The goal is to parse all stories and topics, extract entities and use them as labels in a doc2vec embedding. Split the resulting embedding space by time and cluster with HDBSCAN each day.
Commands to create this project:
python -m hypergol.cli.create_project Hntrends
python -m hypergol.cli.create_data_model RawData title:str url:str text:str dead:int author:str score:int time:int timestamp:datetime htype:str hid:int:id parent:int descendants:int ranking:int deleted:int
python -m hypergol.cli.create_data_model Story title:str url:str author:str score:int time:int timestamp:datetime hid:int:id descendants:int ranking:int
python -m hypergol.cli.create_data_model Comment text:str author:str time:int timestamp:datetime hid:int:id parent:int
python -m hypergol.cli.create_data_model Document hid:int:id timestamp:datetime "tokens:List[str]" "labels:List[str]"
python3 -m hypergol.cli.create_task LoadData RawData --source
python3 -m hypergol.cli.create_task SelectStories RawData Story
python3 -m hypergol.cli.create_task SelectComments RawData Comment
python3 -m hypergol.cli.create_pipeline ProcessHackerNews LoadData SelectStories SelectComments RawData Comment Story
This project was generated with the Hypergol framework
Please see documentation for instructions: https://hypergol.readthedocs.io/en/latest/
Hypergol is heavily integrated with git, all projects must be in a git repository to ensure code and data lineage (to record which data was created by which version of the code).
Initialise git with:
git init .
Create the first commit (datasets record the last commit when they are created and without this there is nothing to record):
git commit -m "First Commit!"
The project now (and any time a file is changed but the change is not committed to the repo) is in a "dirty" stage. If you run a pipeline or train a model, the last commit will be recorded but that commit will not represent the code that is running! Add changes and commit:
git add .
git commit -m "All the files!"
If there are files that shouldn't be checked in ever to git they should be to the .gitignore
file before git add .
Alternatively individual files can be added to git with git add <filename>
.
Having dedicated virtual environment fully described by the projects requirements.txt
is the recommended practice. Don't forget to deactivate
the current virtual environment!

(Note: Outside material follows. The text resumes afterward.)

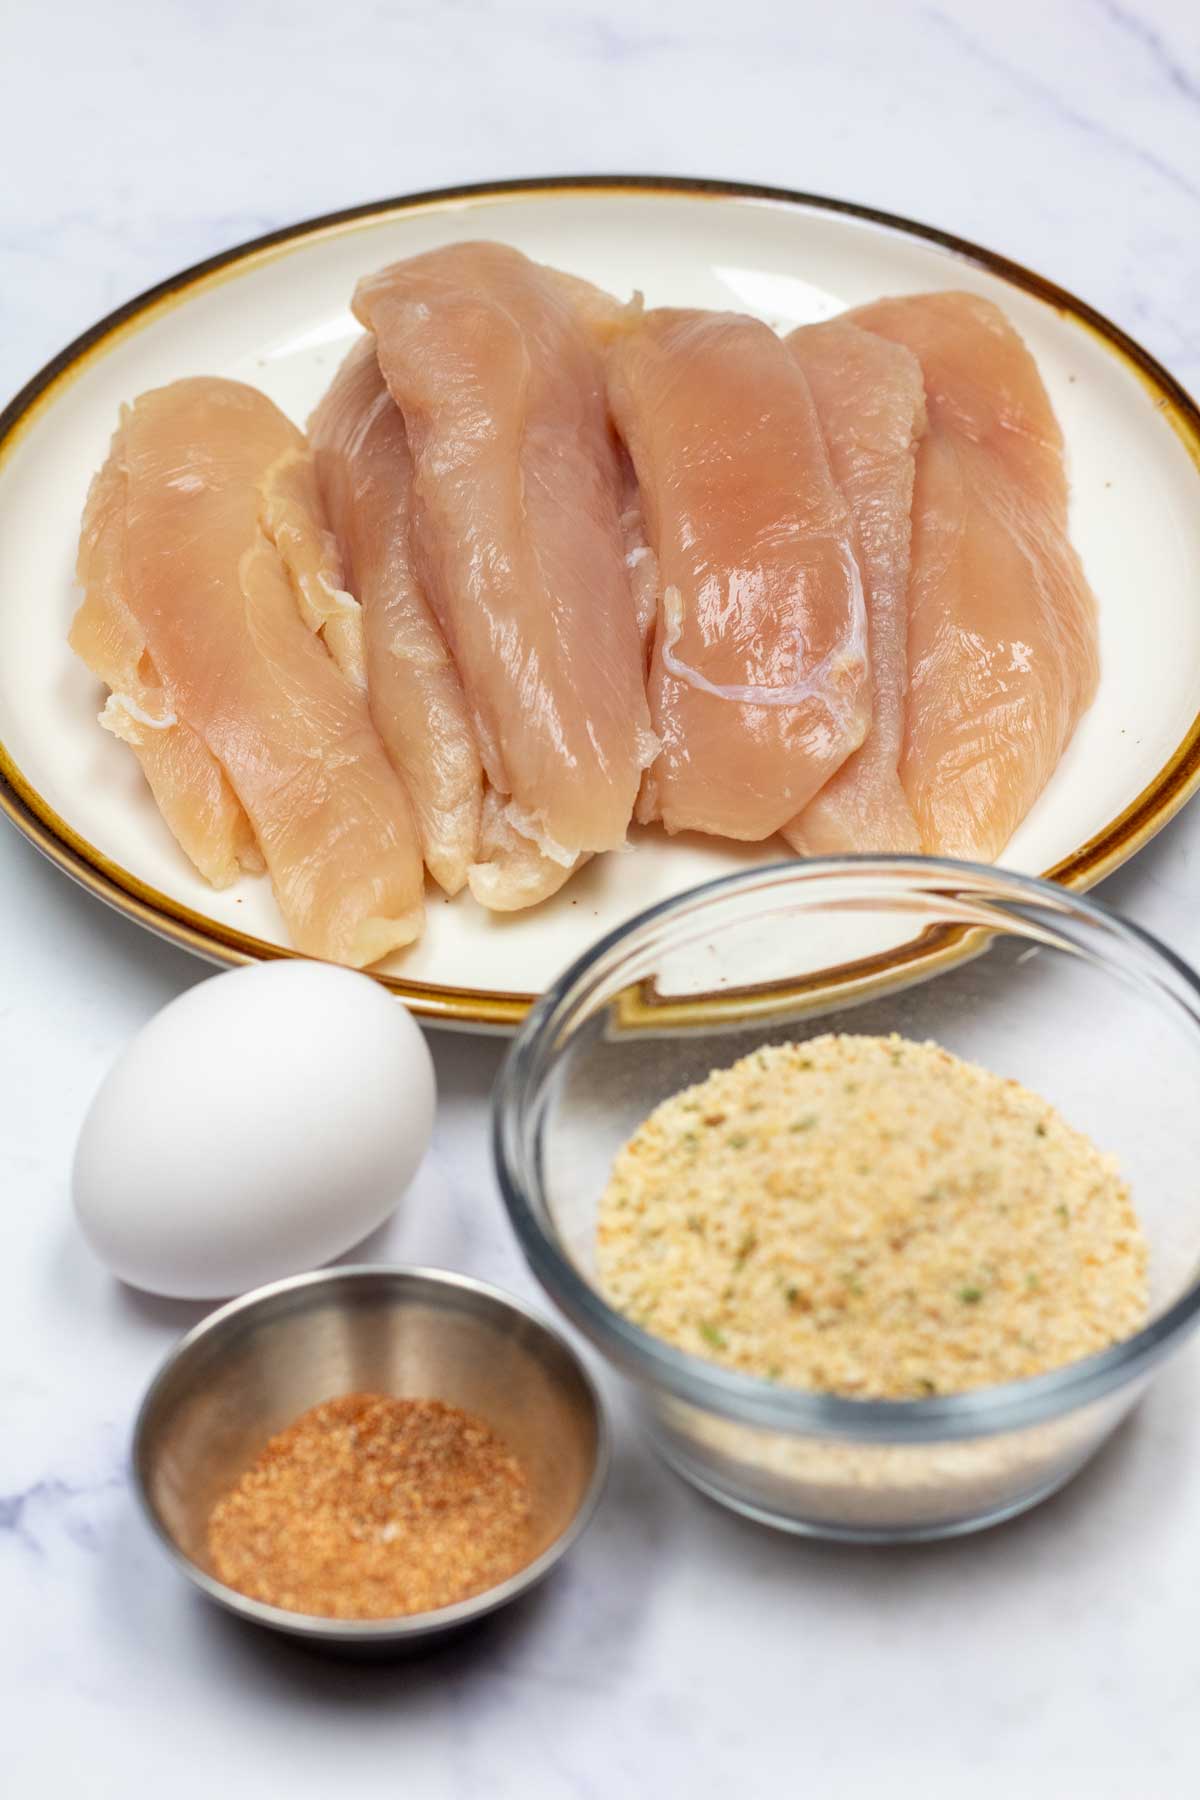 Tall image showing ingredients needed for air fryer chicken tenderloins.

Files from the environment are included in the projects .gitignore
file and will ignored by git.
deactivate
./make_venv.sh
source .venv/bin/activate
from hypergol import HypergolProject
project = HypergolProject(
projectDirectory='<project_directory>/hntrends',
dataDirectory=f'<data_directory>'
)
project.list_datasets(pattern='.*', asCode=True);
This will list all existing datasets that matches pattern
as self contained executable code.
It is recommended to start it in a screen session (screen -S tensorboard
) so you can close the terminal window or if you disconnect from a remote Linux machine (reconnect with screen -x tensorboard
). In the project directory:
screen -S tensorboard
source .venv/bin/activate
tensorboard --logdir=<data_directory>/hntrends/tensorboard/
After implementing all components and required functions:
./train_hntrends.sh
This will execute the model manager's run() function with the prescribed schedule (training steps, evaluation steps, etc.). Training can be stopped with Ctrl-C, this will won't result in the corruption of the output dataset (datasets must be closed properly to generate their chk file after they are read only). This is possible because the entire training happen in a try/finally
block.
In the generated models/serve_hntrends.py
function specify the directory of the model to be served at:
MODEL_DIRECTORY = '<data_directory>/Hntrends/<branch>/models/hntrends/<epoch_number>'
then start serving with (port and host can be set in the shell script):
./serve_hntrends.sh
import requests
response = json.loads(requests.get('http://0.0.0.0:8000', headers={'accept': 'application/json'}).text)
modelLongName = response['model']
This allows to verify if indeed the intended model is served. The generated training script sets training day and the commit hash at that point to be part of the long name and to ensure that the exact conditions of training are available at serving. Long name should be used in logging to identify which model created an output. From v0.0.10 the long name is returned in the header of the response of /output
endpoint as well in the x-model-long-name
field.
To get the response of the model to a list of objects, see example below. Replace ExampleOutput
with the correct output type and load a dataset into ds
, use list_datasets
from above to do this.
sys.path.insert(0, '<project_directory>/hntrends')
import requests
from itertools import islice
from data_models.example_output import ExampleOutput
with ds.open('r') as dsr:
values = [value.to_data() for value in islice(dsr, 10)]
response = requests.post(
'http://0.0.0.0:8000/output',
headers={
'accept': 'application/json',
'Content-Type': 'application/json',
},
data=json.dumps(values)
)
outputs = [ExampleOutput.from_data(v) for v in json.loads(response.text)]
modelLongName = response.headers['x-model-long-name']
It is not recommended to do large scale evaluation through the API as the overhead per object is too high and it is single threaded.